Built-in User Management
Use SOTI MobiControl to add users and groups to the console and perform a variety of user management tasks.
This section has the following topics and folders:
- LDAP and Azure groups and users
- IdP and SOTI Identity groups
- The Recommended Workflow
- Creating Roles
- Renaming Roles
- Creating Users
- Assigning Users to Roles
- Editing Users
- Locking Users
- Locking Multiple Users
- Unlocking Users
- Unlocking Multiple Users
- Removing Users from a Role
- Adding Groups
- Assigning Groups to Roles
- Editing Groups
- Removing Groups from a Role
- Defining General Permissions
- General Permissions
- Defining Permissions Based on a Device Group
- Device Group Permissions
- Defining Access Permissions
- Resetting Access Permissions
- Viewing User Activity Logs
- Deleting Users, Groups, and Roles
Best Practices
You can define permissions (general and device group-specific) for all user management entities - roles, users, and groups.

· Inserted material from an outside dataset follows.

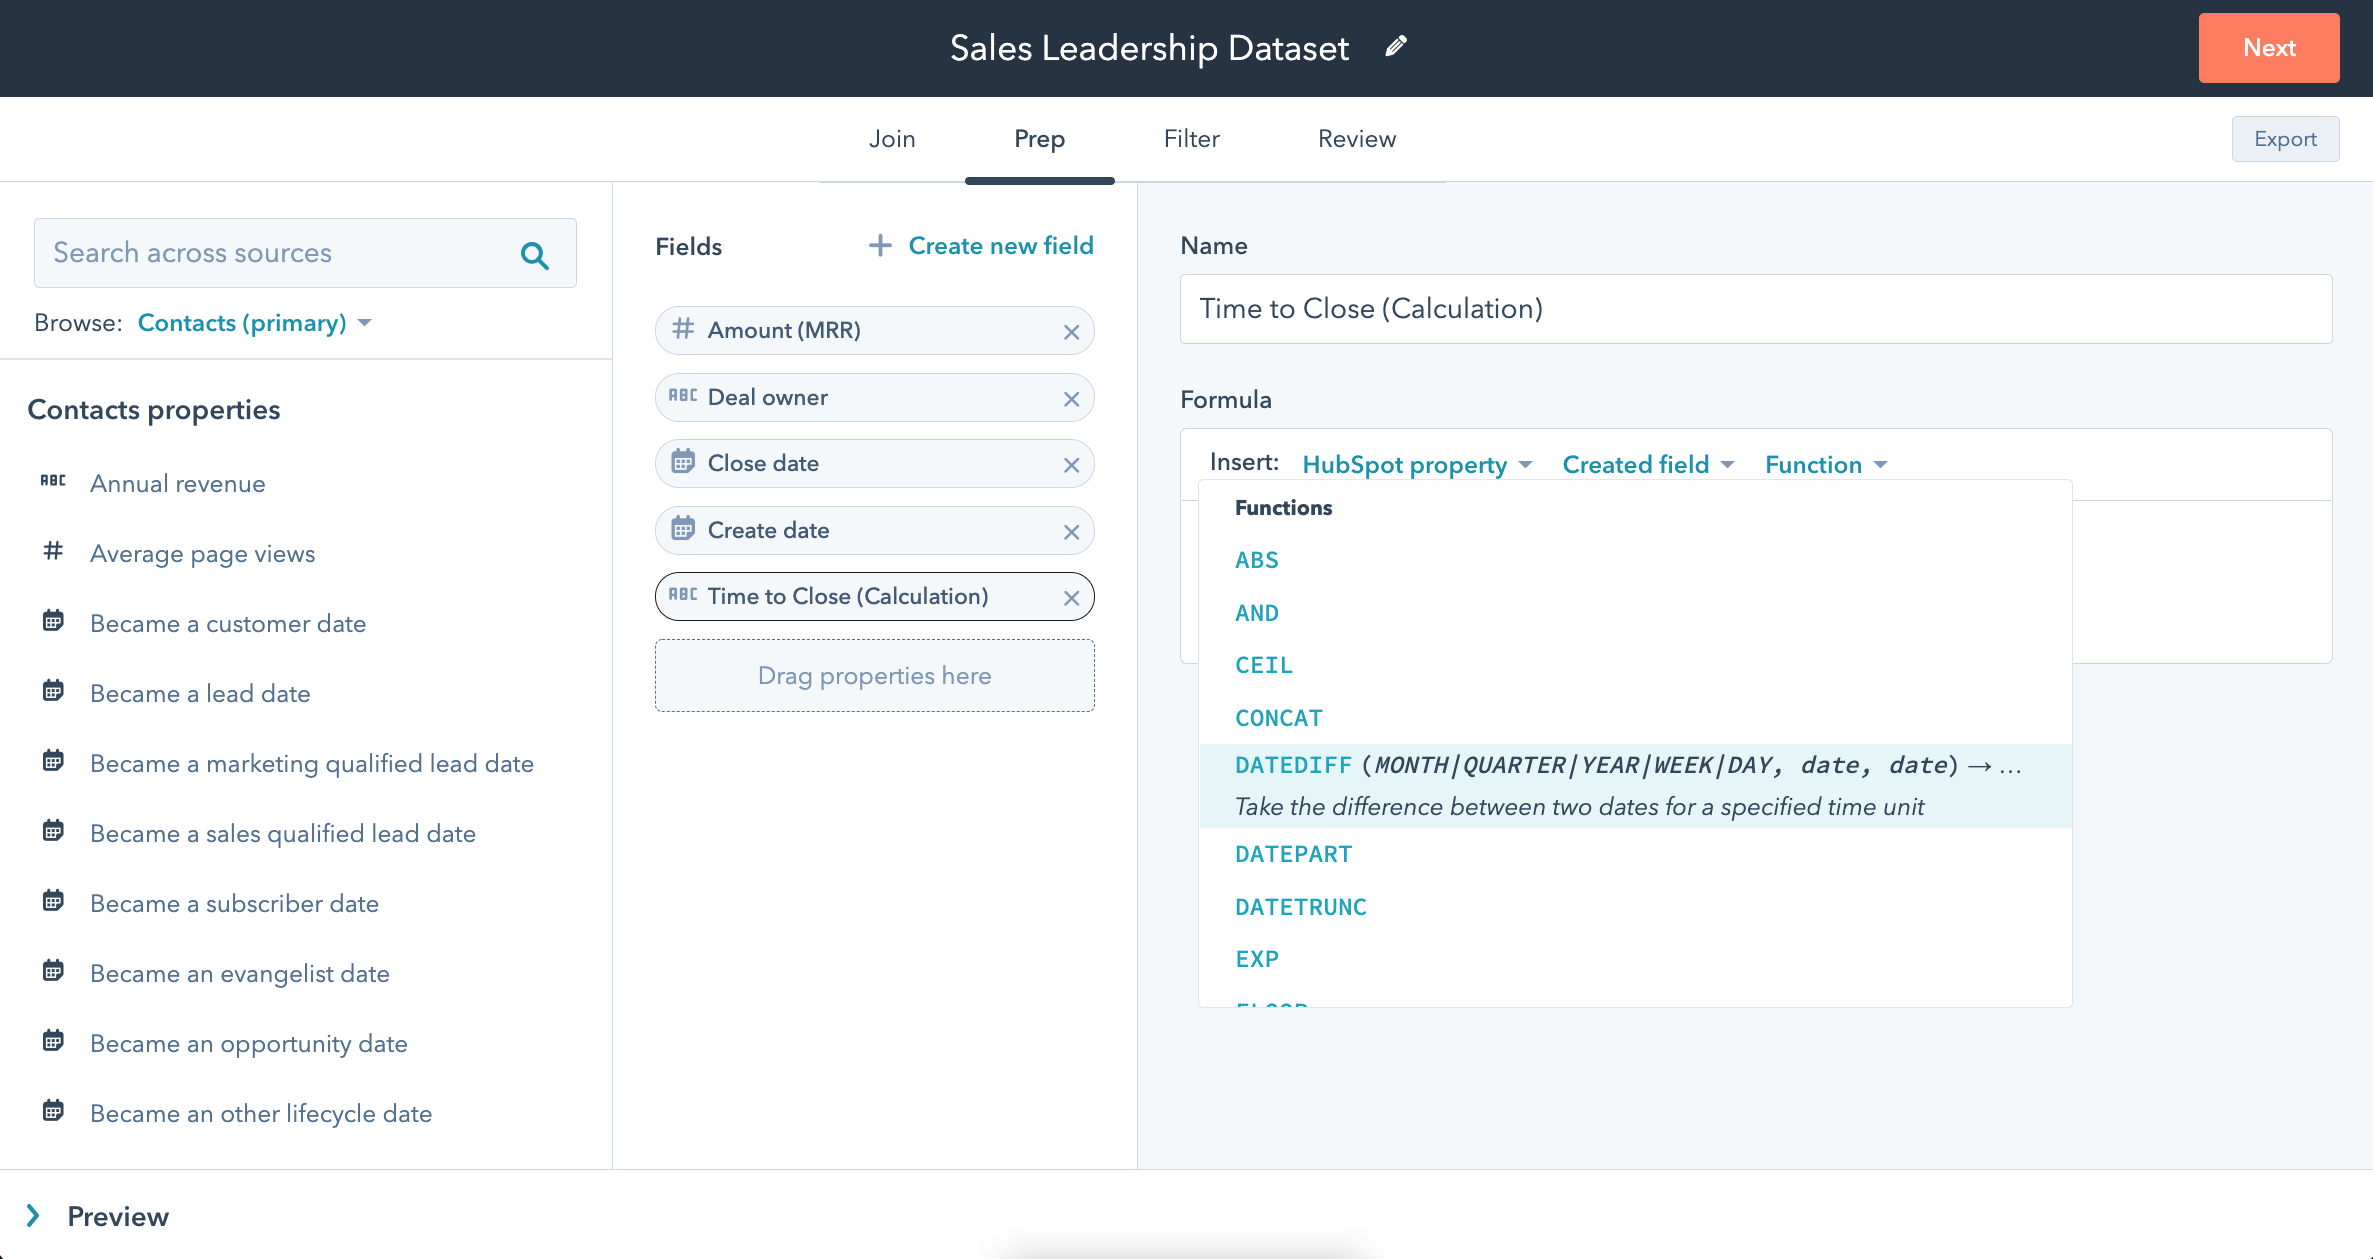 Screenshot of user curating a time to close (calculation) field in a sales leadership dataset.

However, the best practice is to:
- Define permissions for roles
- Assign groups and users to these roles
Consider the following when editing permissions for a group or user:
- A user can be a member of one or more groups. A user can have one or more roles. A group can have one or more roles.
- Older environments, especially those with elaborate LDAP setups, can make finding the origin of a given permission difficult.
- When more than one set of permissions is assigned to a user, either individually or via inheritance from group(s) and/or role(s), SOTI MobiControl applies the most restrictive setting (i.e., "Deny").
Access Control Policies
After you have set up users, groups, and roles in SOTI MobiControl, you can change the default access control settings for the SOTI MobiControl console. Maintain console security by specifying the terms of how users access the console. Access control policies include setting a limit for failed login attempts, enforcing password complexity requirements, and allowing (or disallowing) users to change or reset their own passwords.